Habs an anderer Stelle schon mal erwähnt. z.B. die CF Baitcompany bietet es in Ihrem Shop an, die Mixe nach Euren Wünschen zu mischen. Dann habt ihr was ihr wollt, und es bleiben keine Zutaten übrig die Ihr nicht mehr braucht. 
Und wenn Ihr noch zu Jung seid zu bestellen. Redet doch mit Euren Eltern. Die werden das dann bestimt für Euch bestellen.


----------



## again (15. Mai 2009)

*AW: Boilie herstellung flavour???*

Hi ,und was ist jetzt eigentlich das Grundrezept für Boilies ?
 Ich lese immer anstatt Maismehl - Fischmehl, oder Frolic anstatt Gries . 
???


----------



## Carras (15. Mai 2009)

*AW: Boilie herstellung flavour???*




again schrieb:


> Hi ,und was ist jetzt eigentlich das Grundrezept für Boilies ?





again schrieb:


> Ich lese immer anstatt Maismehl - Fischmehl, oder Frolic anstatt Gries .
> ???


 
Hi,

DAS Grundrezept....gibt es eigentlich nicht wirklich.

Es kommt immer darauf an was Du für einen Boilie haben möchtest.
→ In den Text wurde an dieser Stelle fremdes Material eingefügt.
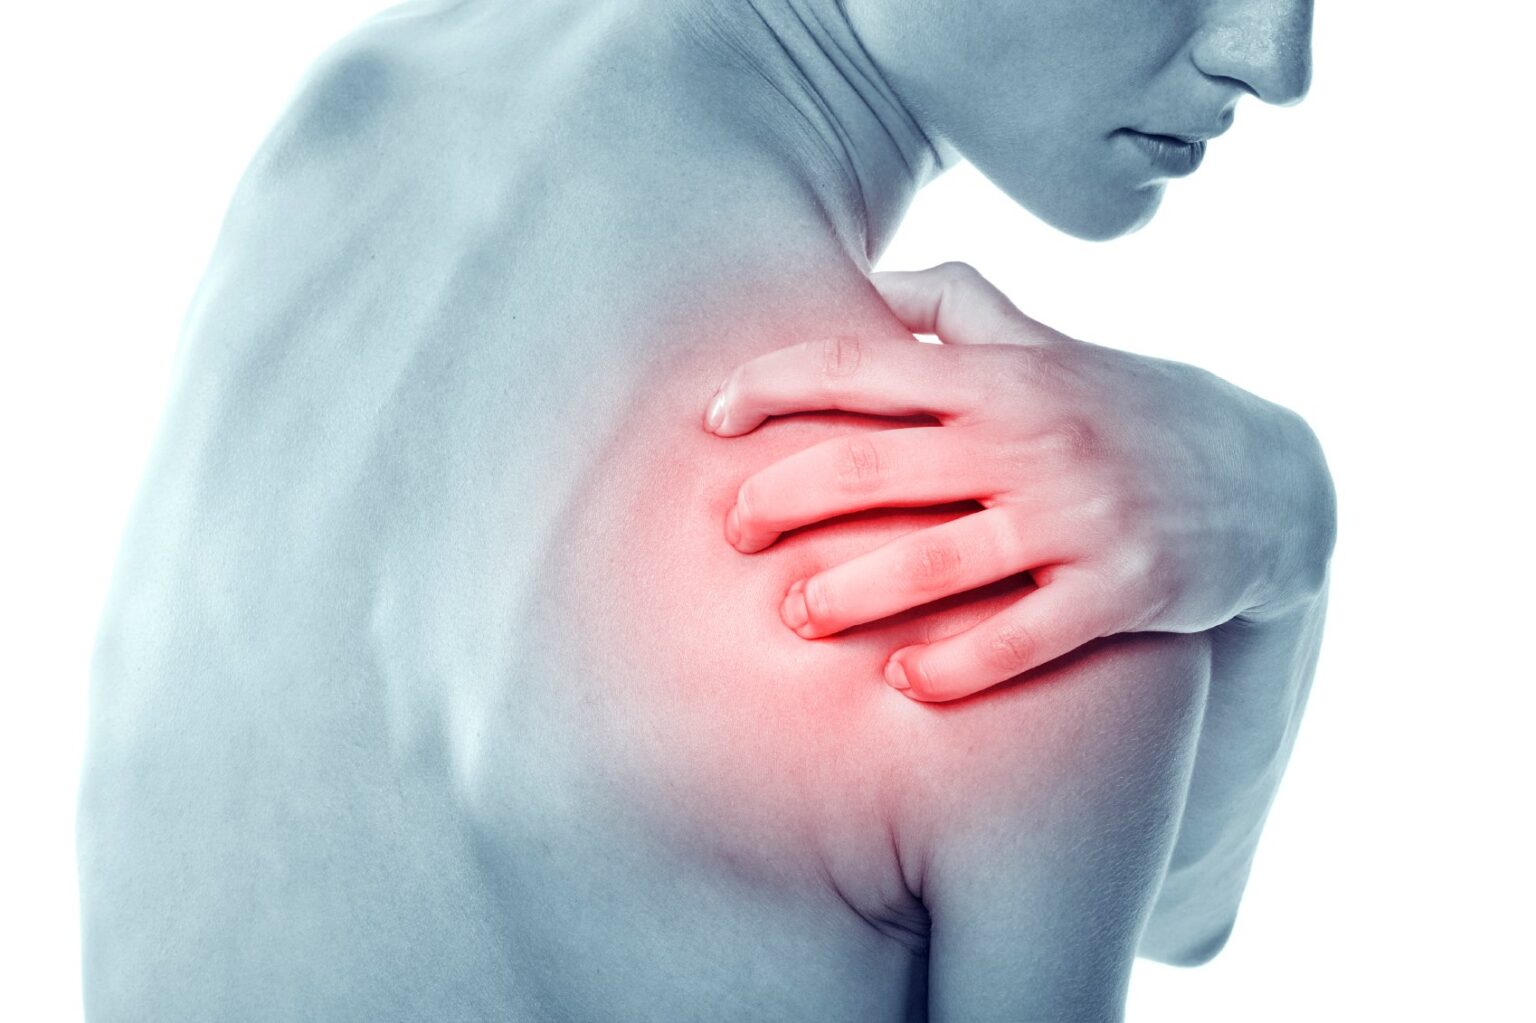 Shoulder Pain Relief & Treatment Options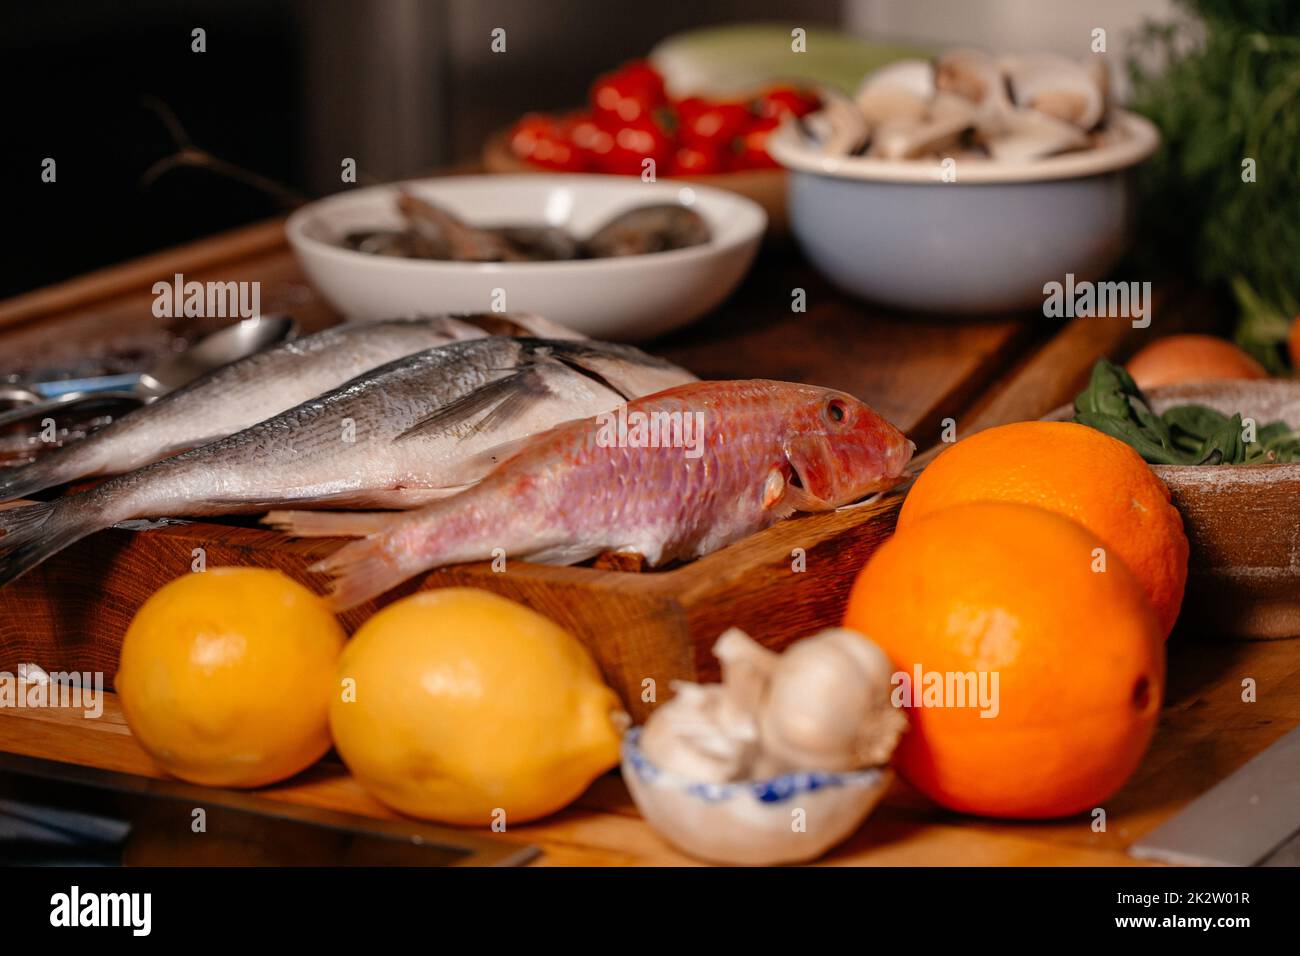 Orate di mare e conchiglie sul tavolo accanto a verdure e frutta. Ingredienti per preparare una deliziosa zuppa. Cucina raffinata. Foto Stock

Grob gesagt gibt es ein paar versch. Grundtypen für Mixe.

1. der 0815 Grießmix.
2. der Birdfoodmix
3. der Fischmix
4. der Fleischmix
5. der Milchmix


Dabei gibt es aber Bestandteile, die man letzten Endes in allen Mixen wieder finden kann.

z.B.
Maismehl
Sojamehl
Weizengrieß
Reismehl
Maisgrieß

Das sind die kostengünstigsten Bestandteile und zugleich auch gute Binder. Des weiteren sorgen sie u.a. dafür, daß der Mix später auch noch gut rollbar ist. Und,…sie sind der Lieferant für die Kohlenhydrate.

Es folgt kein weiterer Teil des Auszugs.